Adam Mossoff is decidedly in the property camp. In his provocative but rather quixotic essay, “Trademark as a Property Right,” he claims that trademark simply “is” a property right. He observes that trademark can be conceptualized as a form of property right and notes that when 19th century courts initially created trademark doctrine, they often relied on analogies to physical property. Mossoff shows that many features of historical and contemporary trademark doctrine can be analogized to use–rights in physical property, especially easements appurtenant and riparian rights. Accordingly, he argues that trademarks should be defined as a form of use–rights, and receive similar treatment.
I agree with Mossoff’s descriptive claim that trademarks can be and have been analogized to certain forms of physical property rights. His doctrinal and historical arguments are compelling. But the fact that courts have analogized trademarks to use–rights in the past does not obligate them to continue using the analogy. And the fact that trademarks can be analogized to use–rights does not imply that courts must rely on that analogy. It depends on your theory of trademarks.
People can and do reasonably disagree about whether and why trademarks are justified. Consequentialist theories hold that trademarks are a means to an end, and deontological theories hold that trademarks are an end in themselves.
Mossoff’s normative claims are decidedly deontological— specifically Lockean.
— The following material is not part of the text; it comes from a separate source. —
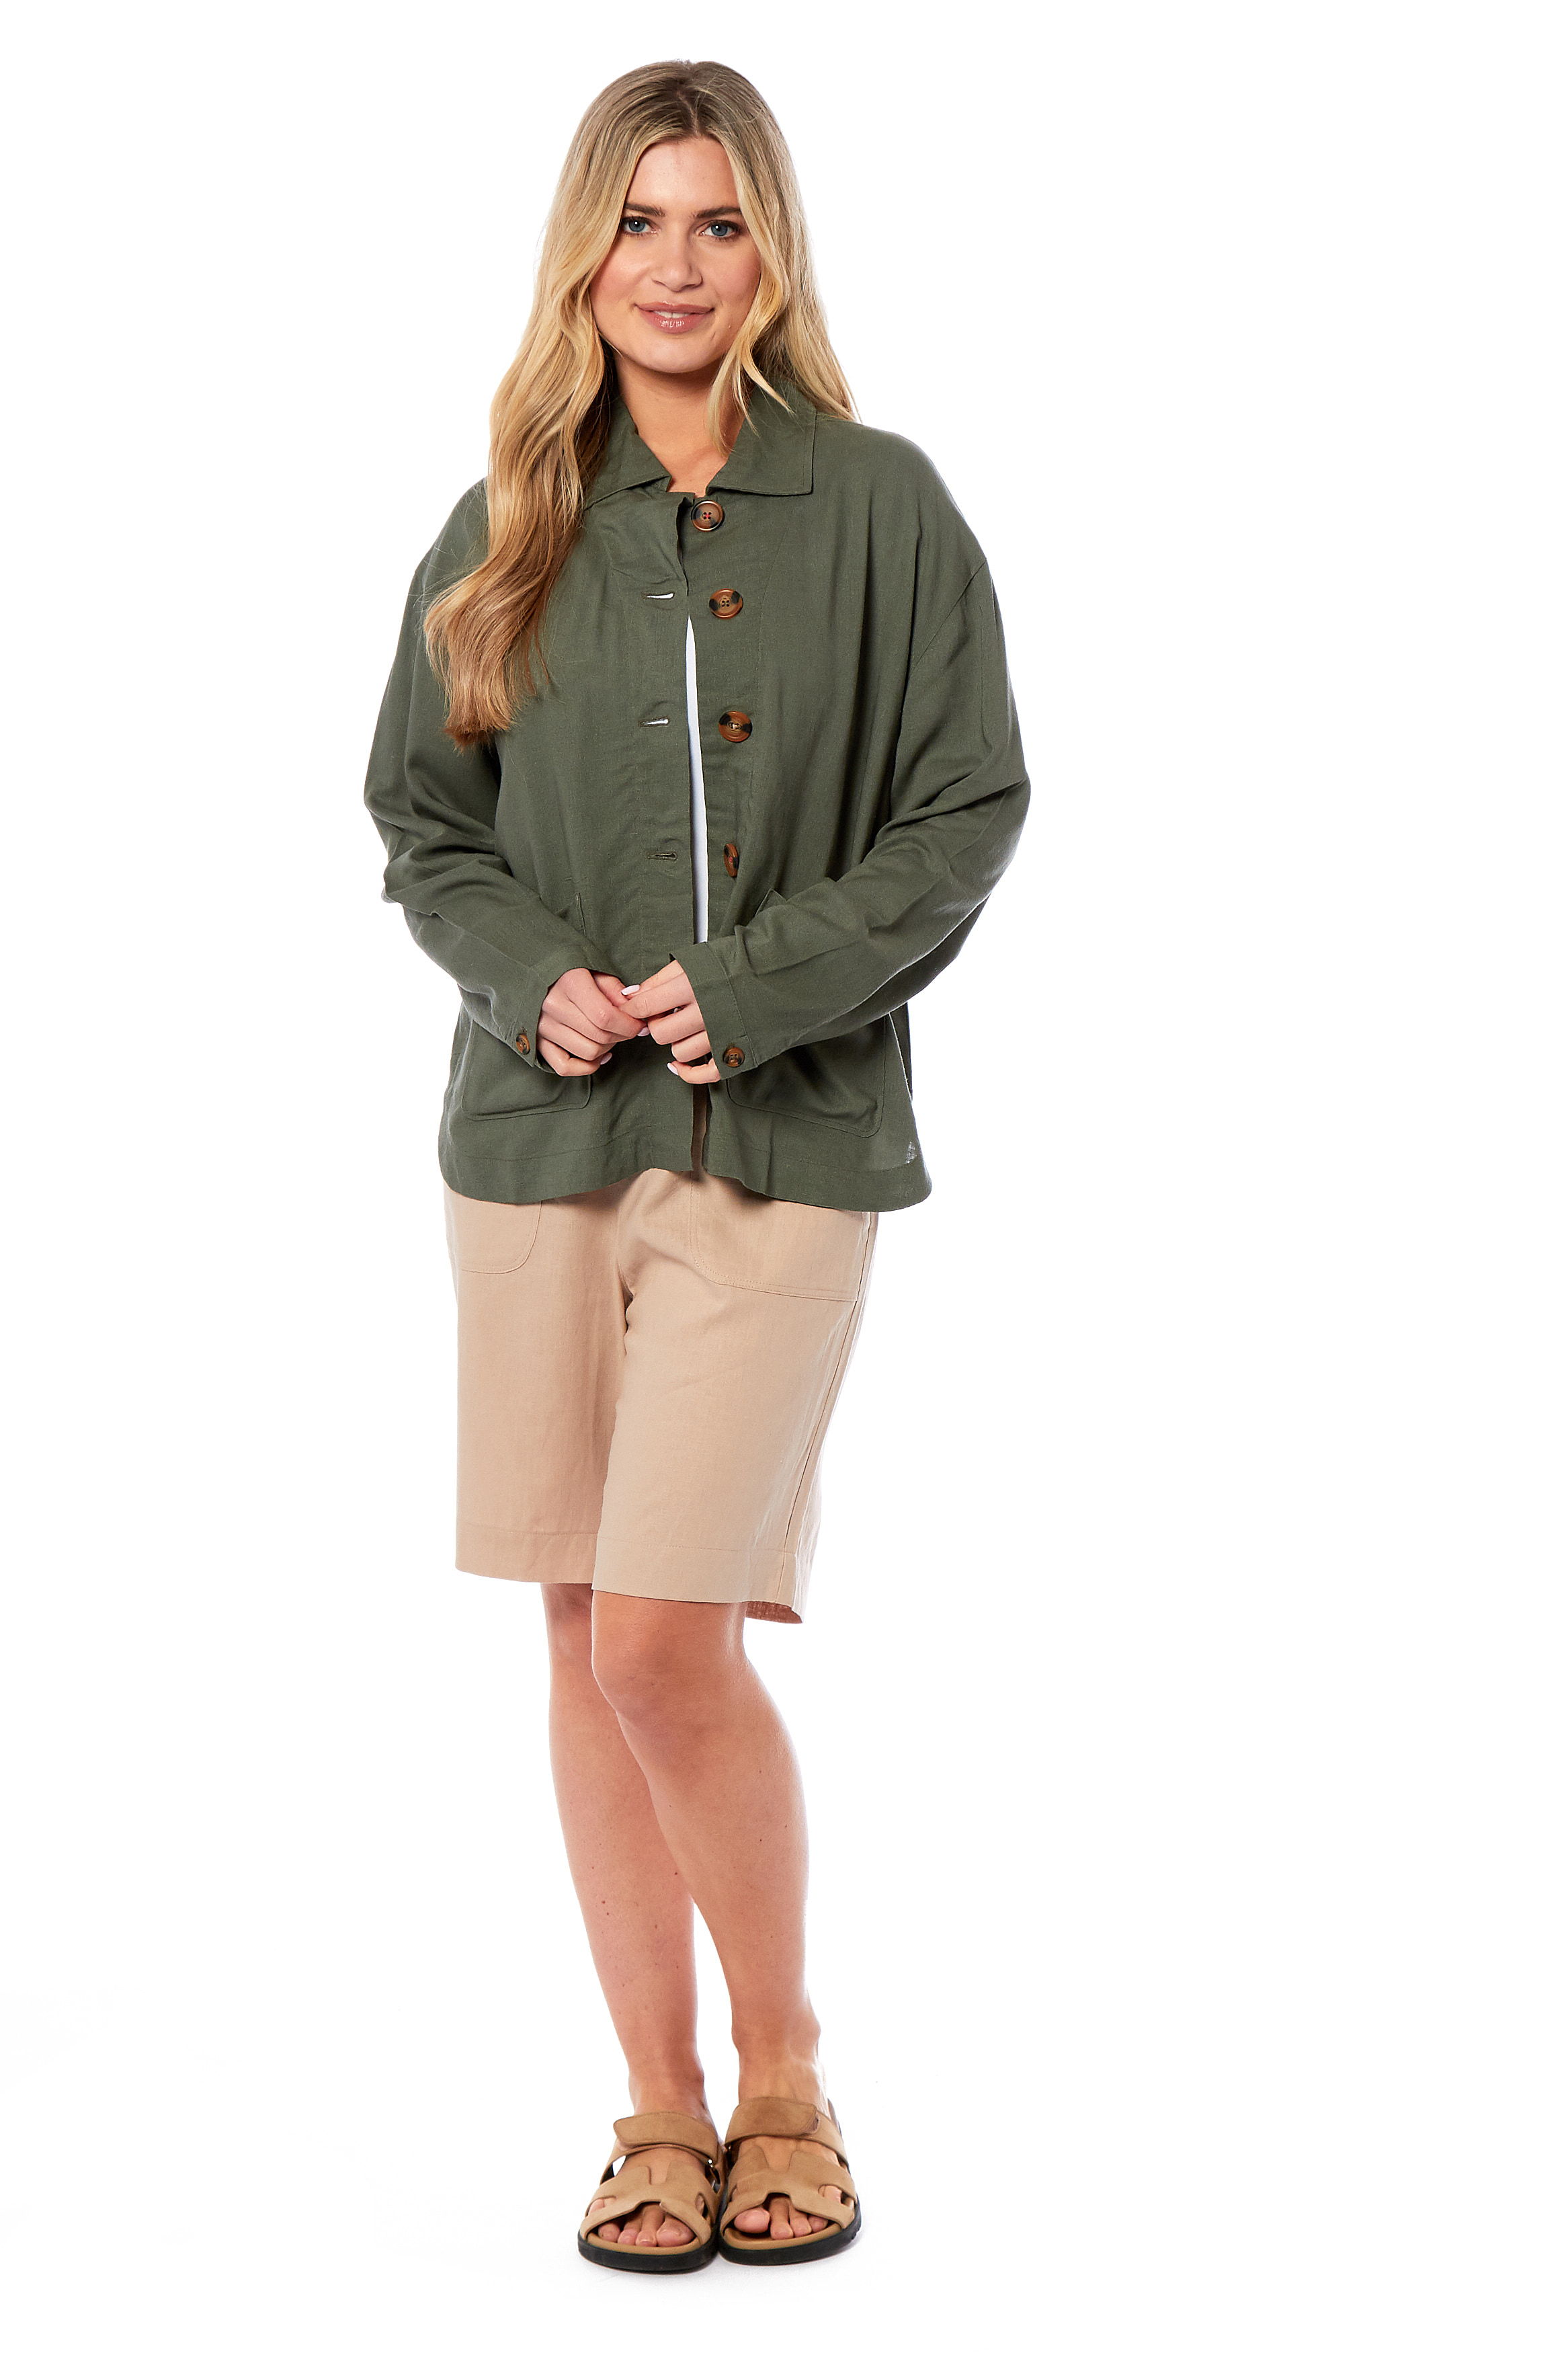 Charlotte West Ladies Linen Jacket (Size 12) - Khaki

He argues that business owners are entitled to own trademarks associated with the commercial goodwill they labored to create. But consequentialist theories don’t ask whether people are entitled to own trademarks. They ask whether good things happen when people are allowed to assert trademark rights.
Accordingly, whether you find Mossoff’s normative claims appealing will depend on your own normative premises. He is unlikely to convince consequentialists, unless he convinces them to change their premises.
Mossoff’s essay also makes an epistemological claim, arguing that we should analogize trademarks to use–rights because it will help us better understand how trademarks can and should work. Is he right? Maybe. At the very least, his analogy has some purchase on trademark history and doctrine. Surely, both deontological and consequentialist theories can benefit from a more robust understanding of the historical development of trademark law. But it is unclear how “tradition” could provide any consequentialist justification for trademark doctrines that produce undesirable results.
II. Mossoff’s “Property Theory” of Trademarks
As he must, Mossoff recognizes that the prevailing theory of trademarks is utilitarian. The overwhelming majority of courts and scholars assume that a trademark is “a regulatory entitlement whose function is to increase social welfare by reducing consumer search costs.” In theory, modern trademark law “amounts to little more than industrial policy.” However, the paradigmatic problem with trademark doctrine is its failure to regulate competition efficiently.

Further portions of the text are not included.